I'll be traveling to Kenya soon and I need to get a Yellow Fever vaccination. Can anyone recommend a place to go?

Thanks


----------



## twowheelsgood

Jumeirah Medical Centre do them but you have to 'book' the vaccine in advance so they can get it in. Its where my employer gets things done.

We didnt need to have Yellow Fever when we went to Kenya - are you sure you need it ?


----------



## Nursemanit

If the connecting flight is in a Yellow Fever country they will need it so it is really airline dependent.


----------



## tootall

We send our guys here:

Occupational Health International | PO Box 2547, Dubai, UAE
1st Floor,Rigga Business Center, Al Rigga Road
Occupational Health International is a part of Gulf Healthcare International Group

t. +971 4 230 64 00 

Was 460 AED last time.


----------



## Chocoholic

Froglet said:


> Hi,
> 
> I'll be traveling to Kenya soon and I need to get a Yellow Fever vaccination. Can anyone recommend a place to go?
> 
> Thanks


No you don't. You only need the Yellow Fever vaccine IF you're COMING from a country that has Yellow Fever. If you're travelling from the UAE, it doesn't apply.

Trust me on this - been to Kenya, South Africa and Botswana in the last year - not required.

Don't put garbage in your body unless you absolutely have to.


----------



## Froglet

I just went to get the vaccination. It was required...

Interesting to hear that no one knows for sure though. But, better be safe than sorry. Would be pity if I wouldn't be able to get back into Dubai because I don't have the certificate to prove that I got the vaccination.


----------



## Chocoholic

Froglet said:


> I just went to get the vaccination. It was required...
> 
> Interesting to hear that no one knows for sure though. But, better be safe than sorry. Would be pity if I wouldn't be able to get back into Dubai because I don't have the certificate to prove that I got the vaccination.


Always check WHO guidelines. Honestly hubster was working in Kenya for a year - it's not needed. They only ask for it, if you travel from a country that has yellow fever. There hasn't been a case of Yellow fever in Kenya for years.

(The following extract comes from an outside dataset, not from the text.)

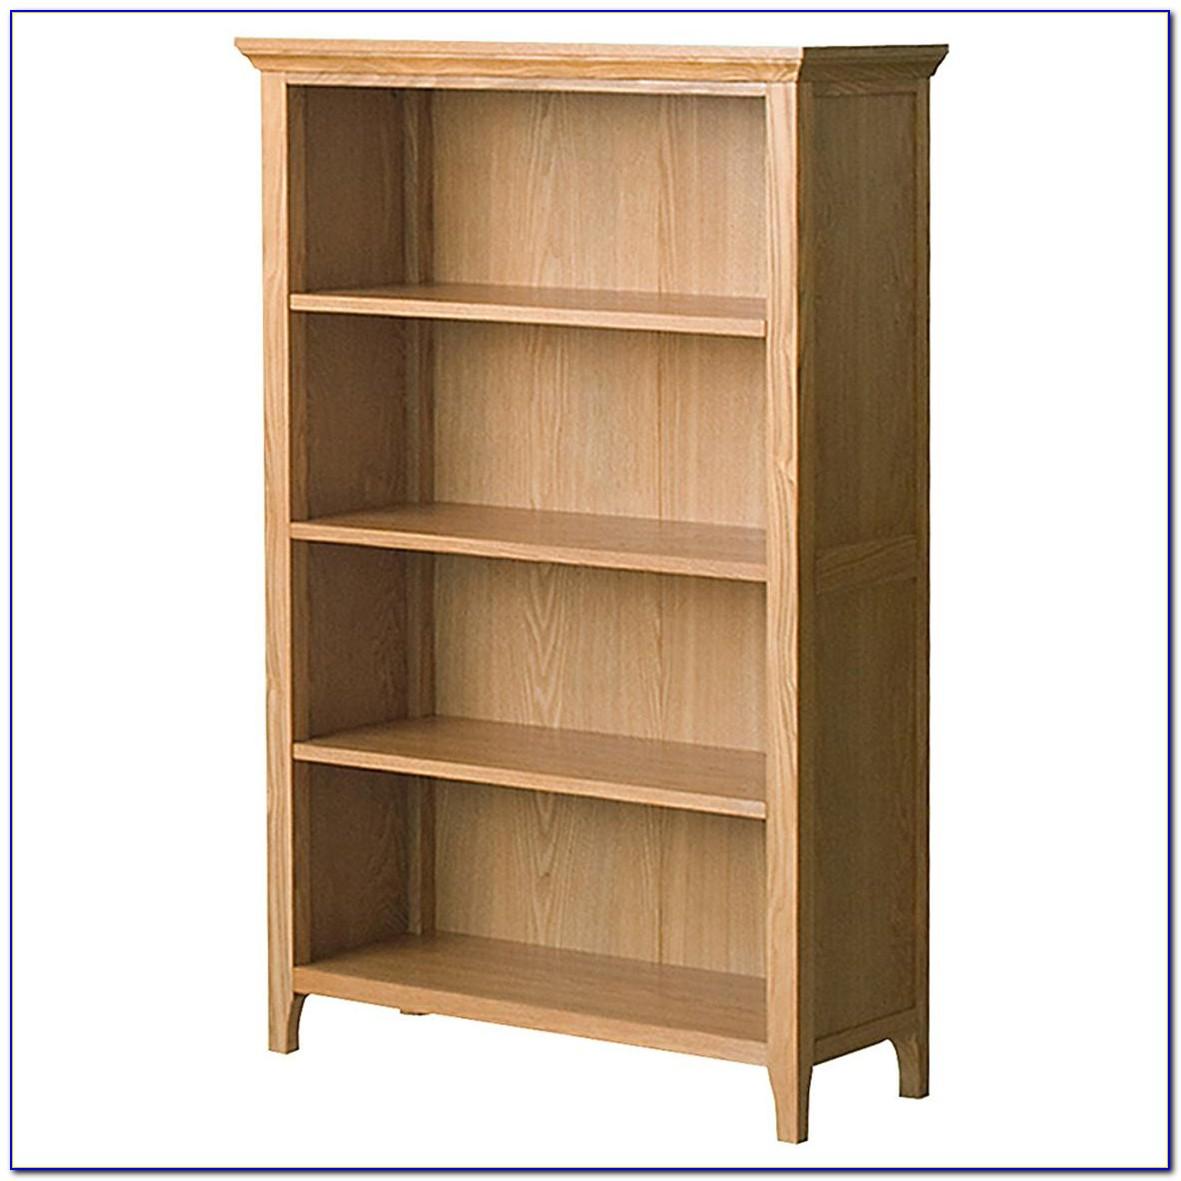 Oak Wooden Bookcases
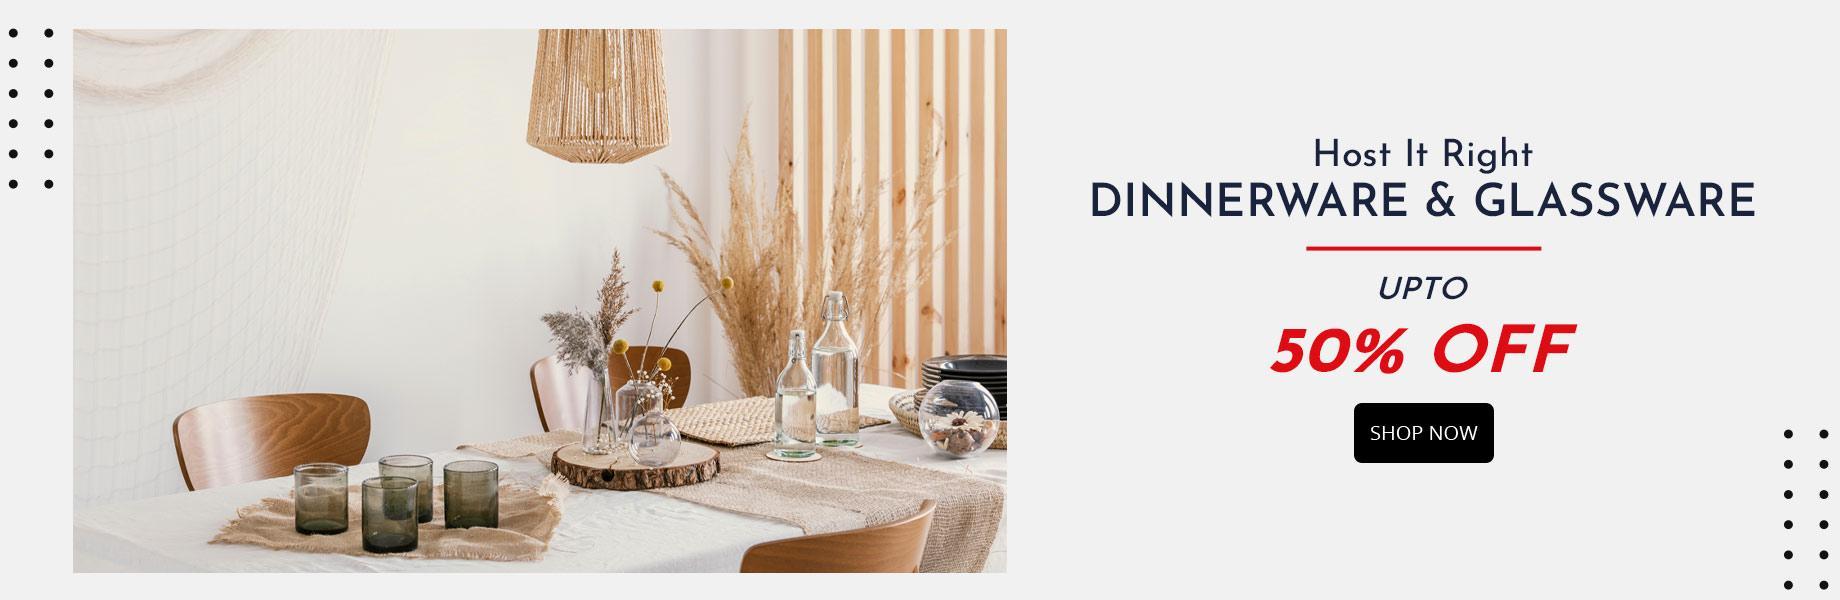 Homestop-Carousals-Dining-&-Glassware-Web.jpg

Malaria is a bigger problem. DO NOT, I repeat DO NOT take the Malaria medications. They don't stop you getting Malaria, but merely suppress it and the docs can't find out which strain you have to treat it and in some cases this is too late. If you get Malaria, with the correct meds, you'll be fine in 3 days.


----------



## Chocoholic

Here you go. This is my 'go to' guide from the WHO. Recommended, but not compulsory.
http://www.who.int/ith/ITH_country_list.pdf


----------



## telecompro

I just had mine yesetrday... did it in DHA in barsha. There is 2 centers one in Mankhool and other in Barsha. 350 AED


----------



## Froglet

telecompro said:


> I just had mine yesetrday... did it in DHA in barsha. There is 2 centers one in Mankhool and other in Barsha. 350 AED


Yeh, we went to the Barsha one as well. It's was pretty quick and straightforward.


----------



## sm105

I got mine done at Saqr Hospital in RAK. Cost me AED 20.


----------



## Froglet

sm105 said:


> I got mine done at Saqr Hospital in RAK. Cost me AED 20.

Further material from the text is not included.